In >>36 the highest-order loop folds second-order S-groups. It continues until eventually one of the second-order S-groups doesn't fit because there aren't enough first-order S-groups left to fill it up. The number of passes through the loop is proportional to n^(1/4), and the number of first-order S-groups that the unsatisfied final second-order S-group wanted to consume is also proportional to n^(1/4). These match up nicely here but not in >>67. The number of first-order S-groups that the unsatisfied final second-order S-group had available gives the number of passes through the second 'while' loop of >>36. This 'while' loop will fold the remaining first-order S-groups one by one. Both loops having O(n^(1/4)) passes the overall runtime is O(n^(1/4)).
But in >>67 this chain of reasoning only holds for the first two 'while' loops. The first one folds G3s until a final G3 wants more G2s than are left. The number of passes is O(n^(1/8)), and so is the number of leftover G2s.

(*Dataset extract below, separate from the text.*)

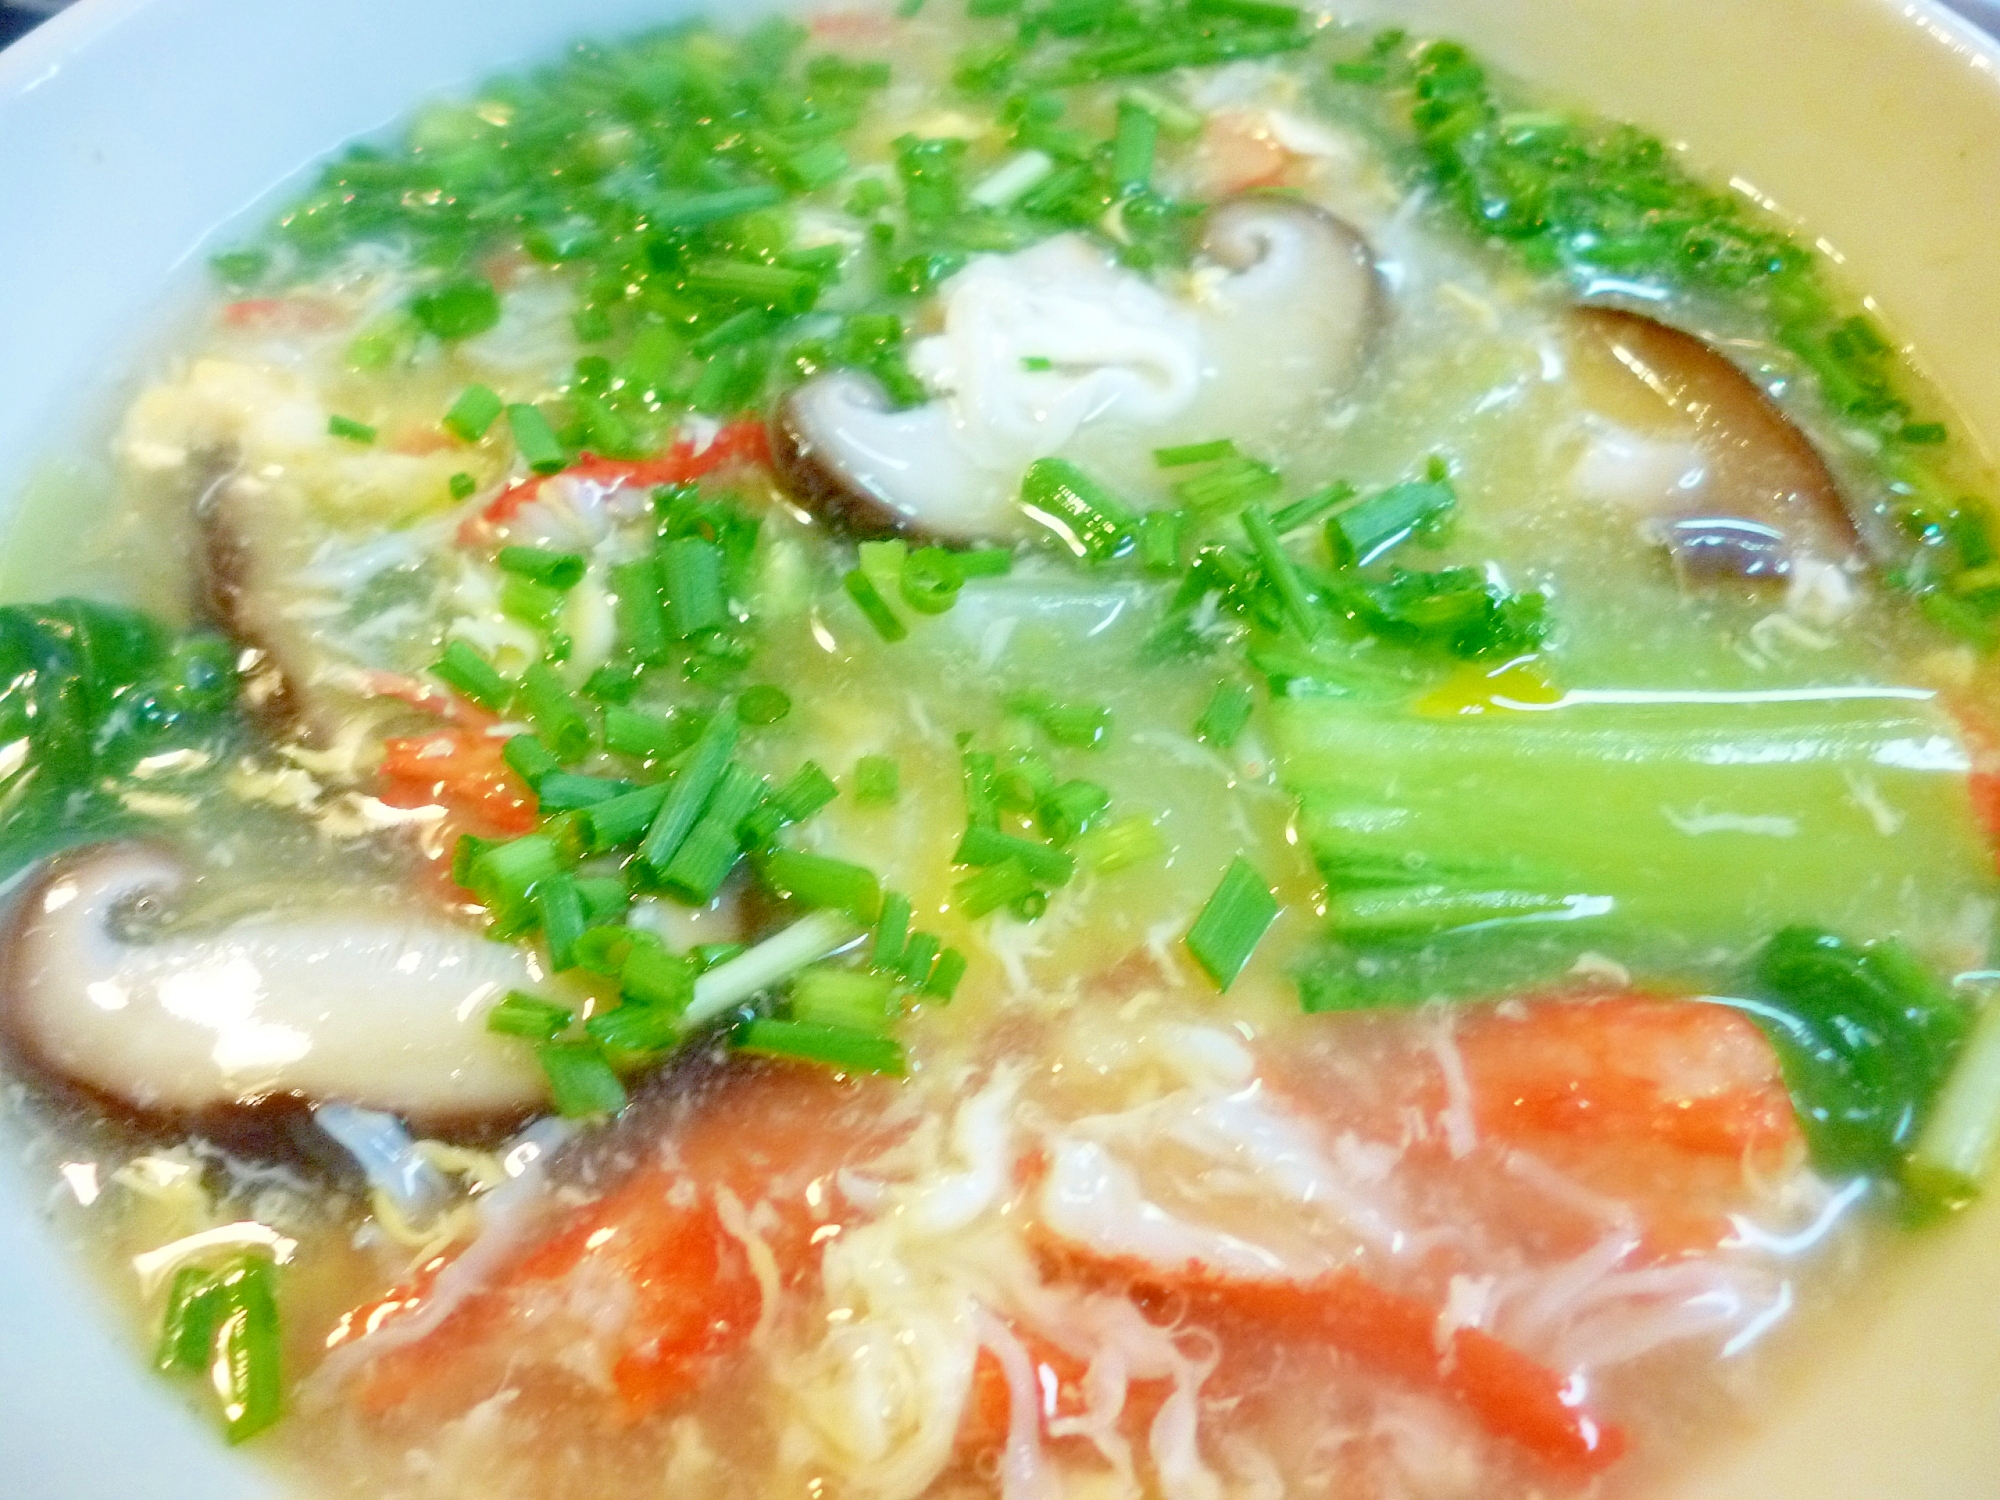 青梗菜・椎茸・蟹のとろみ卵スープ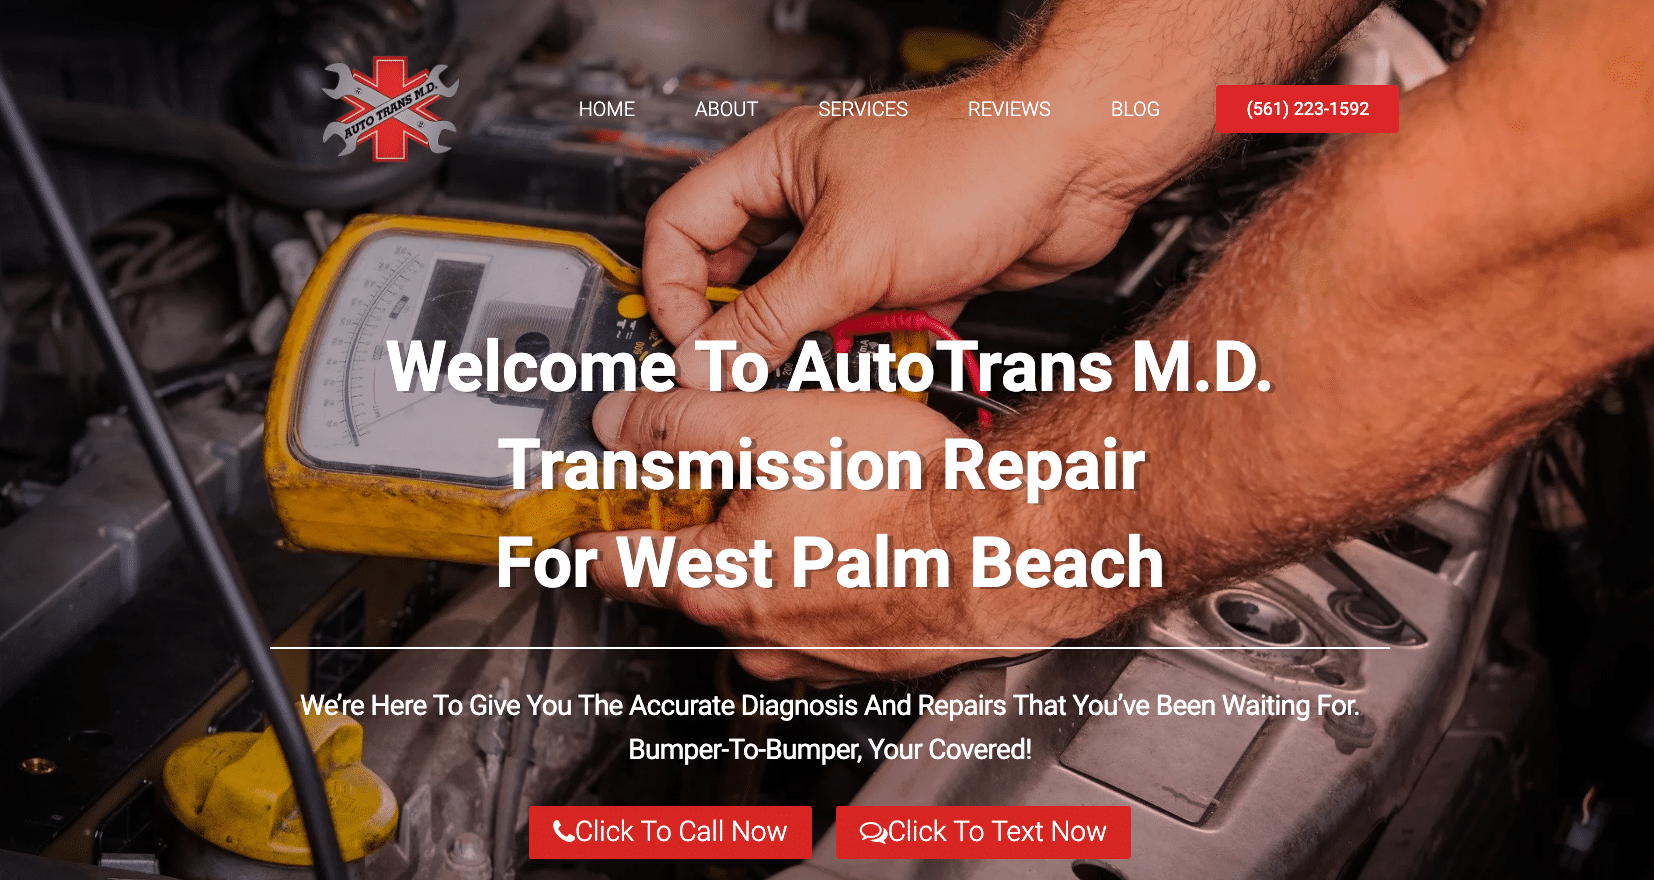 AutoTrans M.D. Website

The latter gives the number of passes through the second 'while' loop. This loop folds the remaining G2s one by one. Eventually a final G2 doesn't fit, not having enough G1s left to fill it up. The remaining G1s are consumed by the third loop one by one. However, groups contain each other via a chain of square roots, and expand back into each other as squares. So the number of leftover G1s is now O(n^(1/4)), and thus the third loop degrades the overall runtime back to O(n^(1/4)).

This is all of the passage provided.